#### [ACTIVITY]
The required output holds only the lines from the one containing "Seaia beach in" through the end of the material below, copied exactly, please, with no pictures.

#### [GIVEN INFORMATION]
^^^^

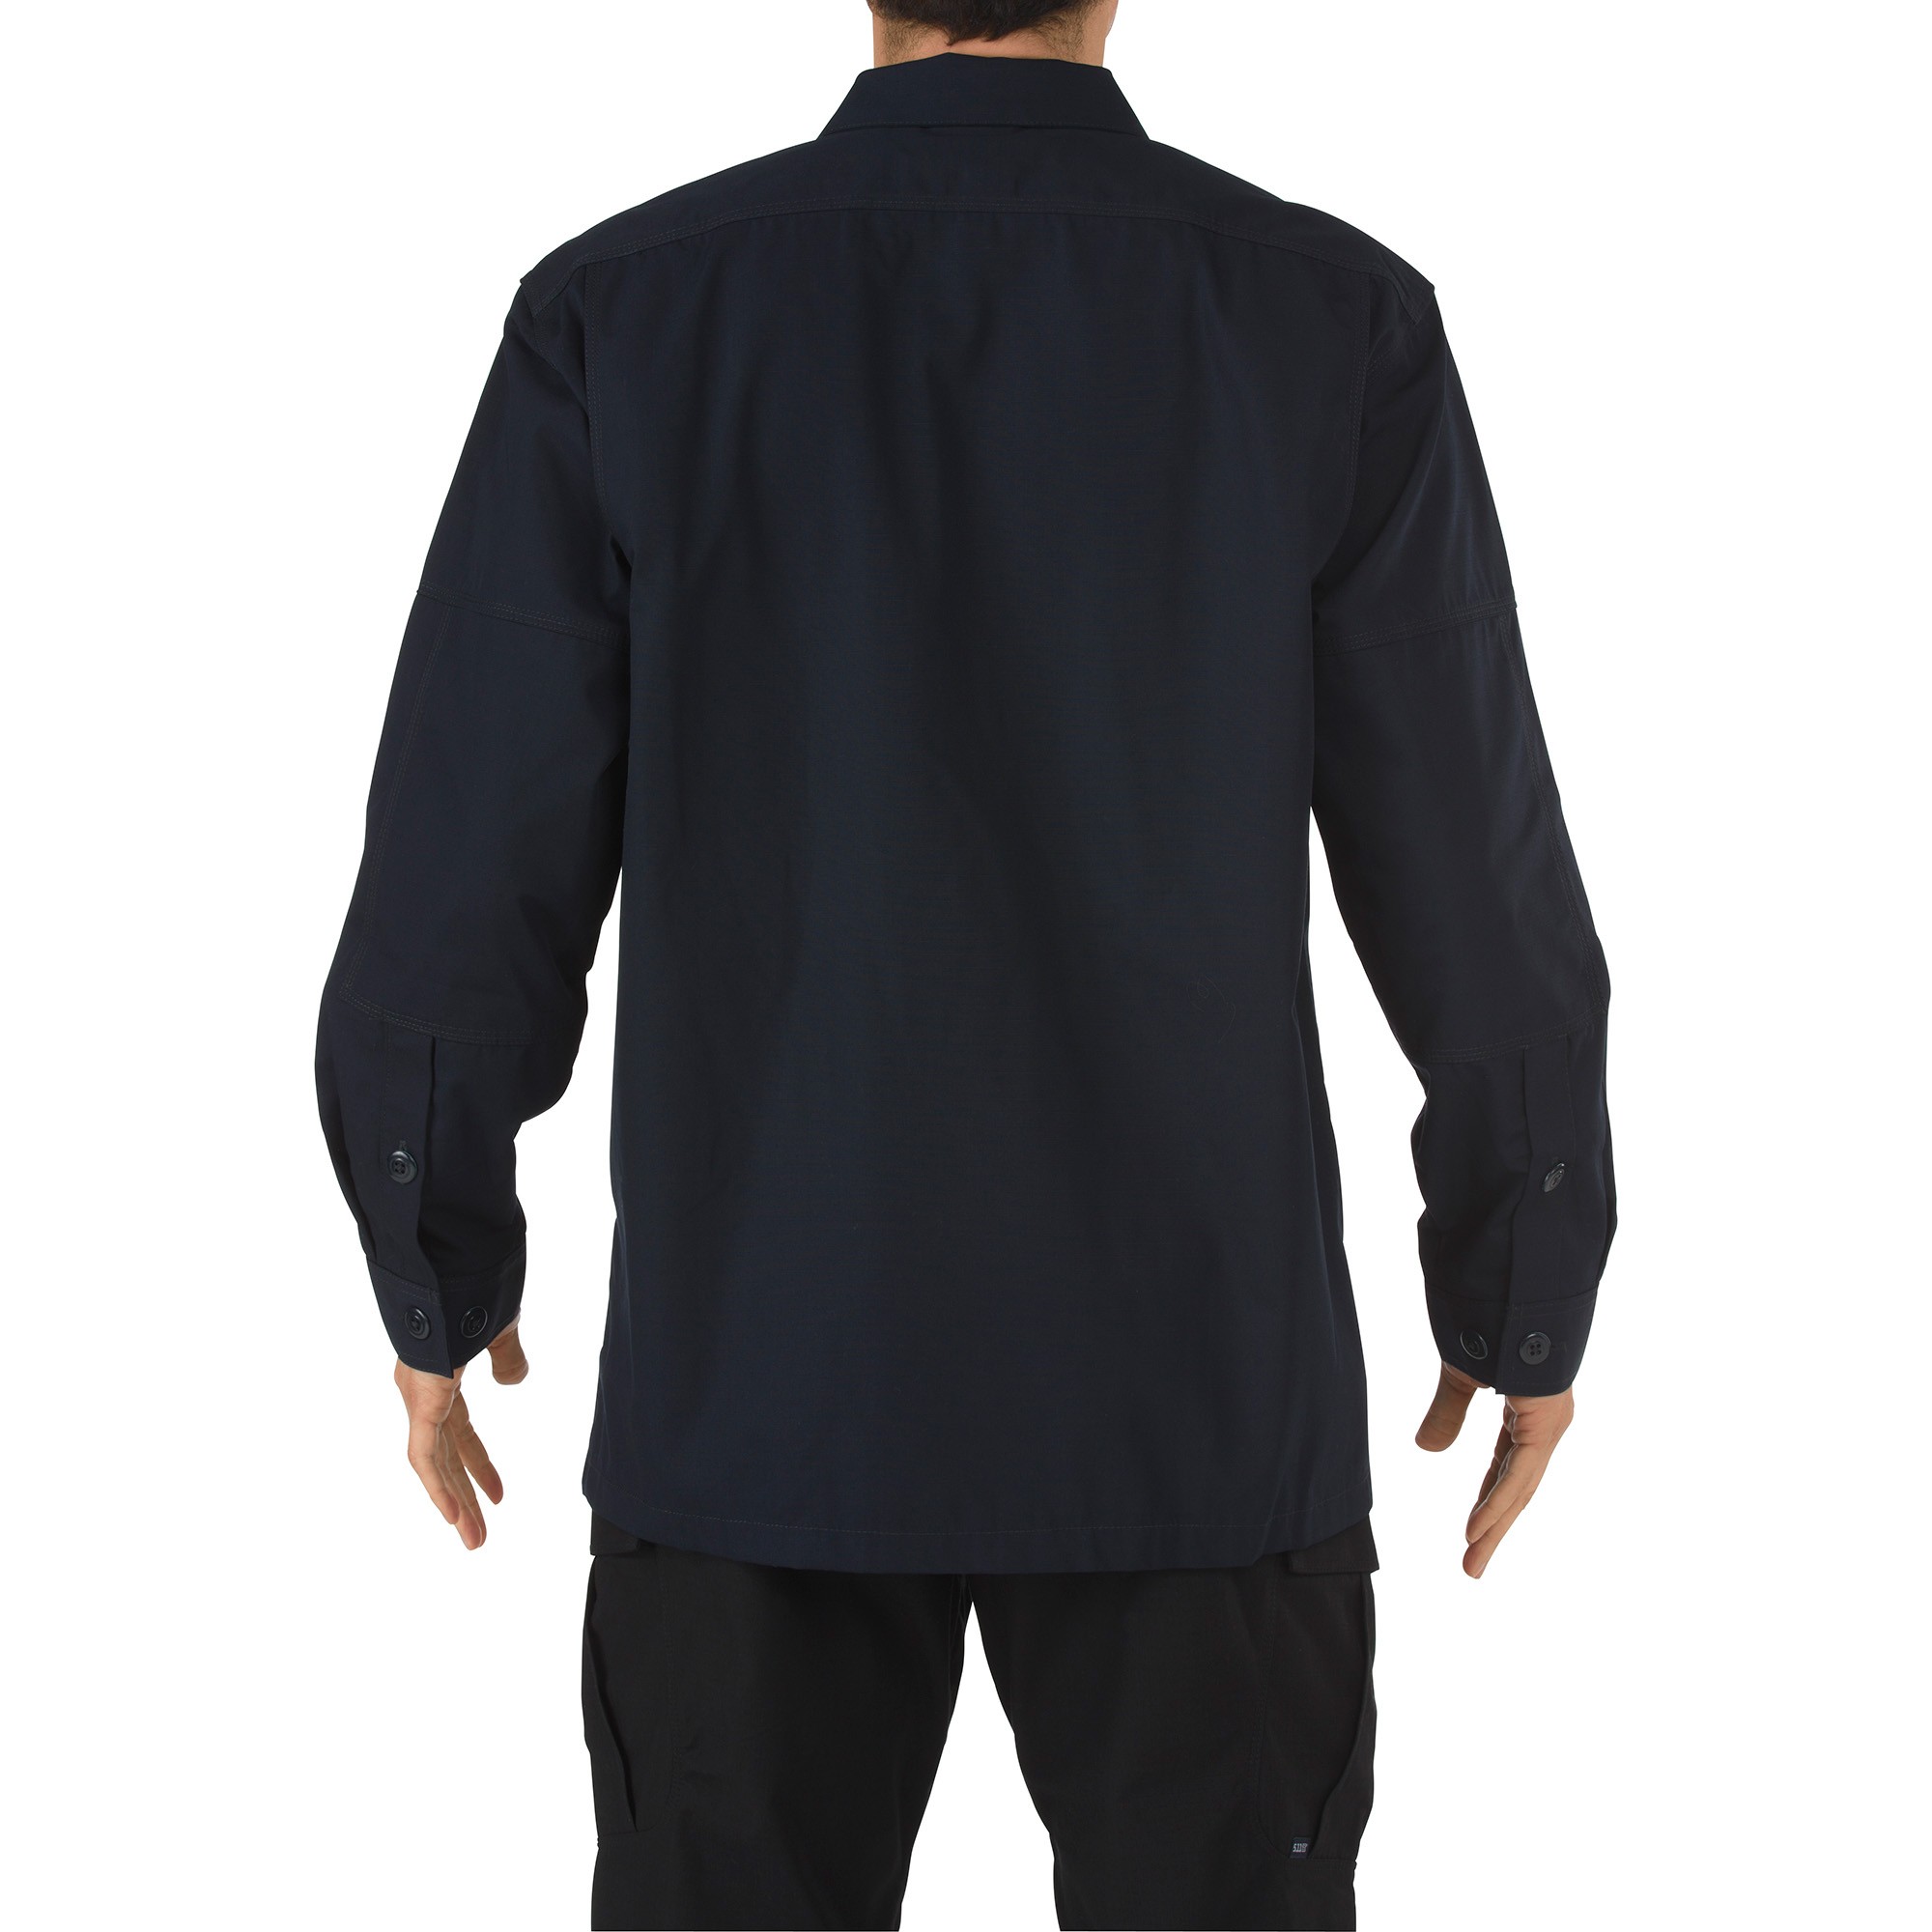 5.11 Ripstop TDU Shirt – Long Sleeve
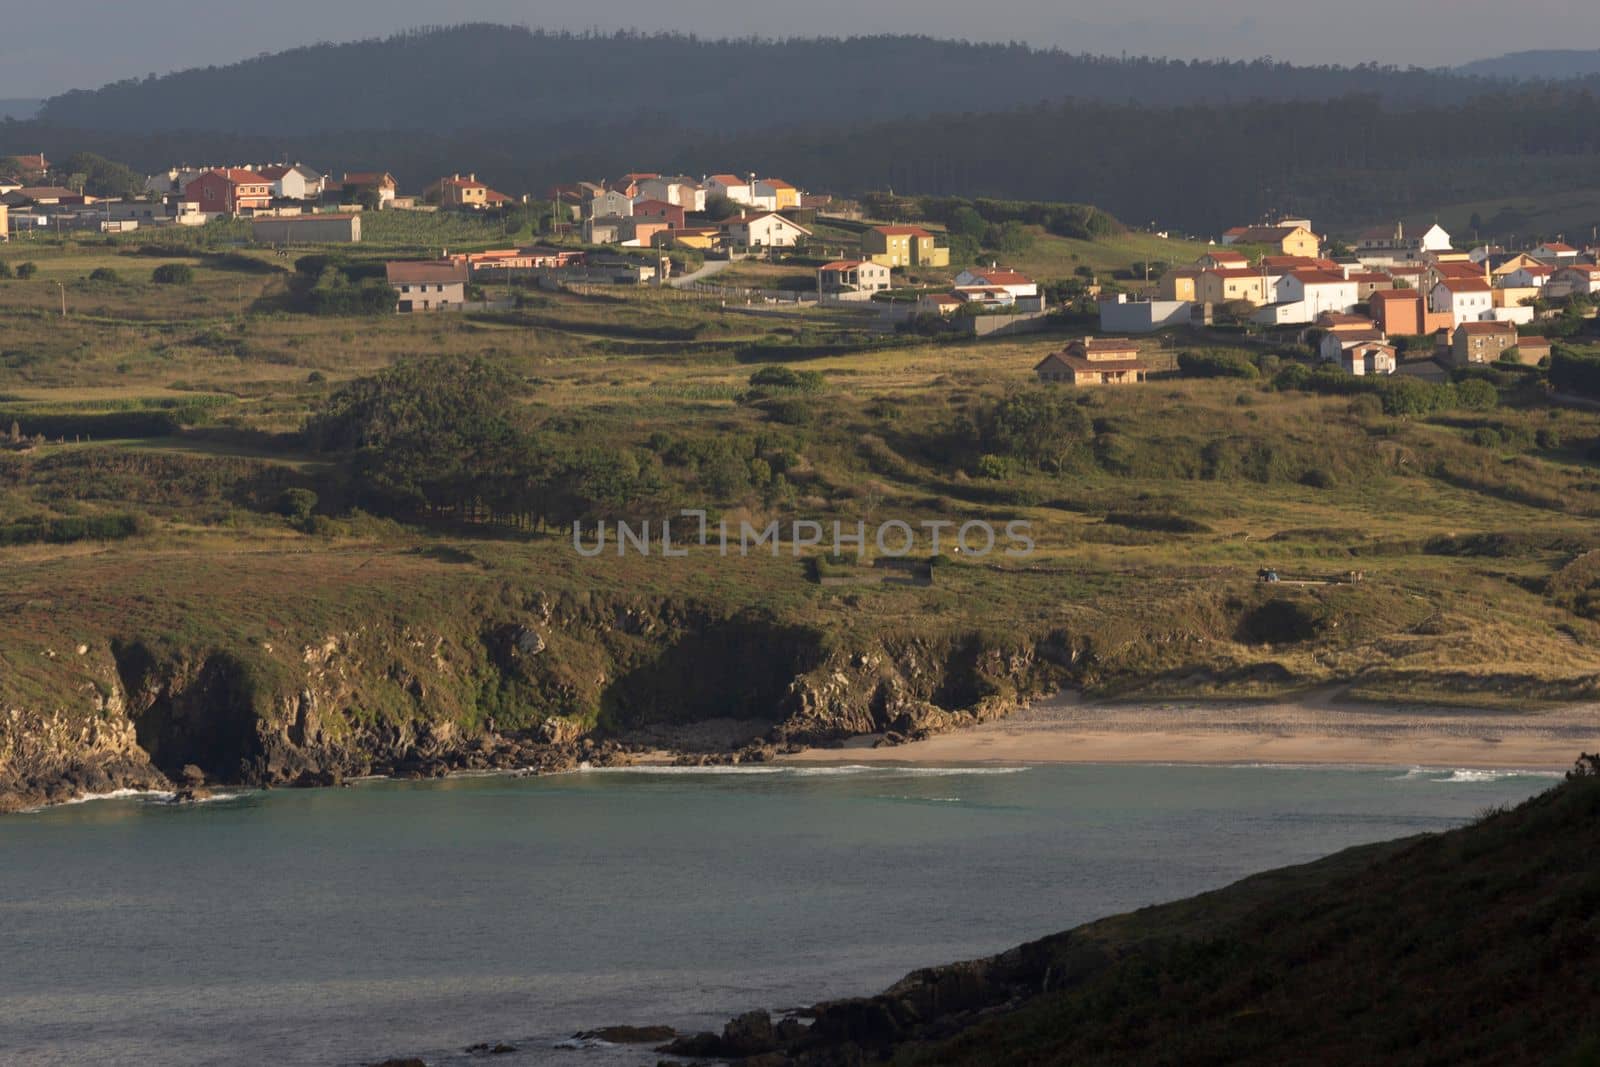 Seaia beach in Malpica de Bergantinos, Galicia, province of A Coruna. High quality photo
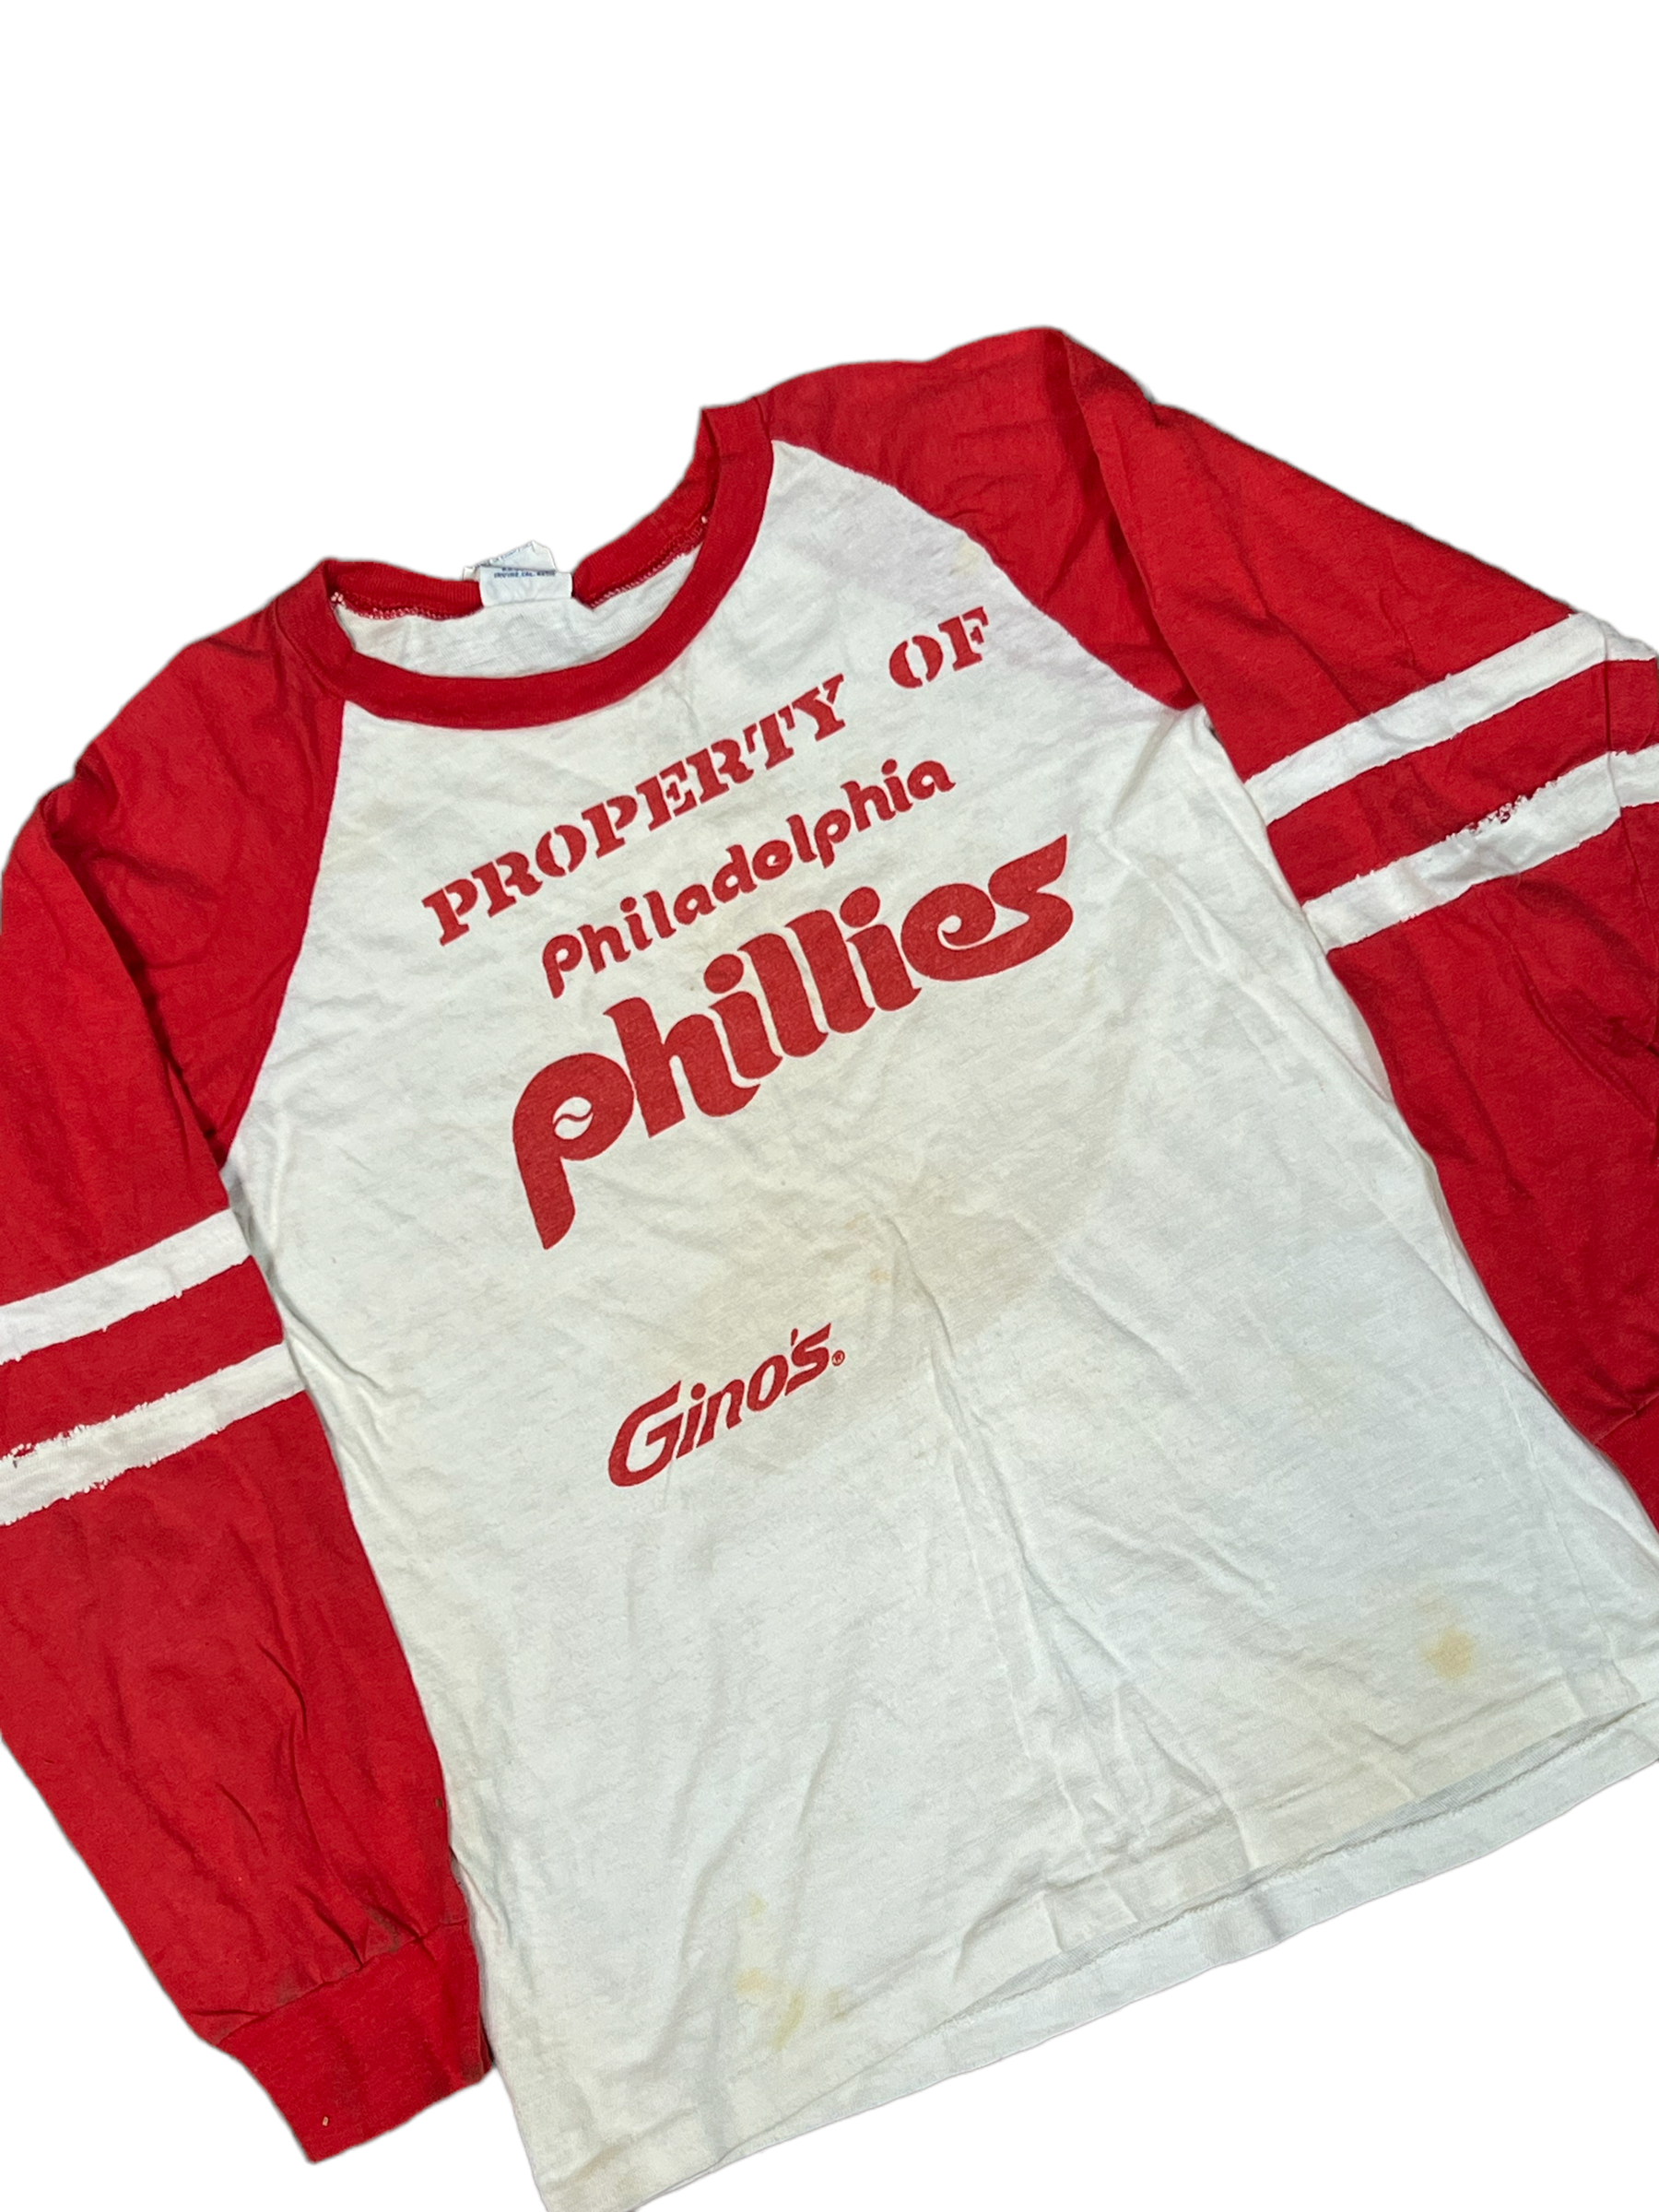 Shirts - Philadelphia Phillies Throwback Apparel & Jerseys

^^^^

#### [RESPONSE AREA]
 Seaia beach in Malpica de Bergantinos, Galicia, province of A Coruna. High quality photo
 Shirts - Philadelphia Phillies Throwback Apparel & Jerseys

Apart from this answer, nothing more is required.